The Sloth Institute Costa Rica is a small, not-for-profit organization based in Manuel Antonio, close to Manuel Antonio National Park, Costa Rica, dedicated to the rescue and rehabilitation of sloths. It often takes in orphaned or injured sloths, which require care. Through the work of the team, the sloths are rehabilitated and released back into the wild.

== Mission ==
The Sloth Institute's mission is to enhance and expand the welfare and conservation of sloths.

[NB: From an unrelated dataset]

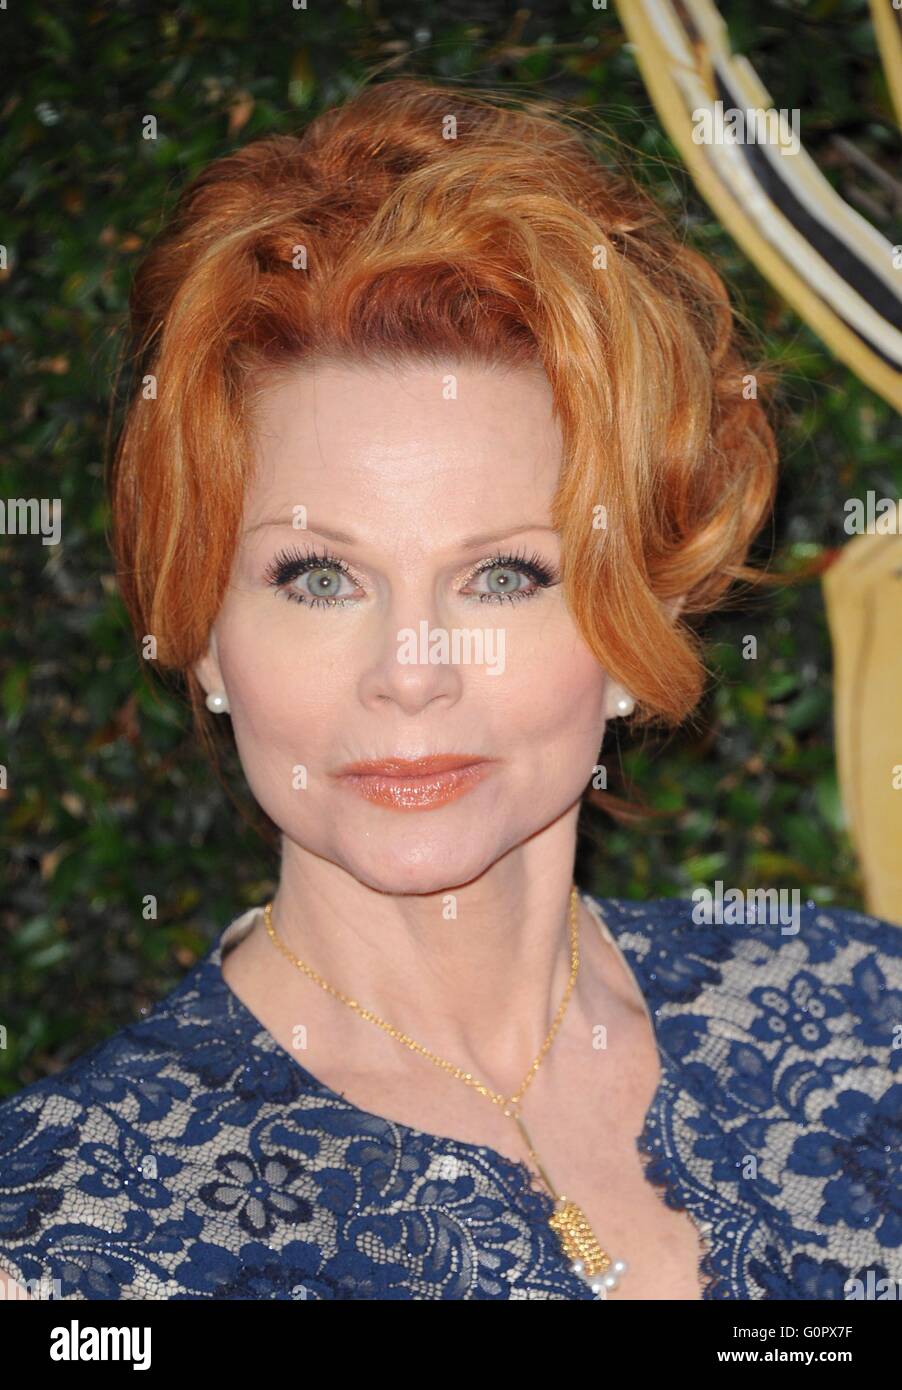 Los Angeles, CA, USA. 29th Apr, 2016. Patsy Pease at arrivals for 43rd Annual Daytime Creative Arts Emmy Awards - Arrivals, Westin Bonaventure Hotel and Suites, Los Angeles, CA April 29, 2016. © Elizabeth Goodenough/Everett Collection/Alamy Live News Stock Photo

They achieve this by taking a multifaceted 4-part approach to tackling the issues that put sloths in danger:
- RESCUE, REHABILITATE and RELEASE orphaned and injured sloths.
- RESEARCH of captive, wild, and recently released sloths including collaborations with conservationists and scientists around the world.
- EDUCATION to generate and disseminate responsible information about sloths to the general public and train local public servants on proper sloth information and rescue techniques.
- CONSERVATION programs that negate human encroachment issues impacting sloth’s welfare and habitat.

The Sloth Institute is not a sloth sanctuary. TSI is a non-profit organization specializing in rescue, research and education with a particular focus on the behavior, health, and welfare of released, wild and captive sloths. Their sloths are not available to be seen by the public as it is in their best interest to have as little human contact as possible.

== Partnerships ==
The Sloth Institute Partners with several other agencies to rehabilitate, release and research sloths. They also use these agencies to reach more people in educating the public.

They work with Tulemar Resort Hotel, a resort placed in a jungle and adjacent to the maritime zone. This partnership allows the Sloth Institute to release orphaned and hand-raised sloths into the jungle and maritime zone.  In addition Tulemar offers sloth walks that are meant to educate guests in a safe way.  These walks are specifically for educating their guests and are not intended for interaction with the sloths because they are better off with less human contact....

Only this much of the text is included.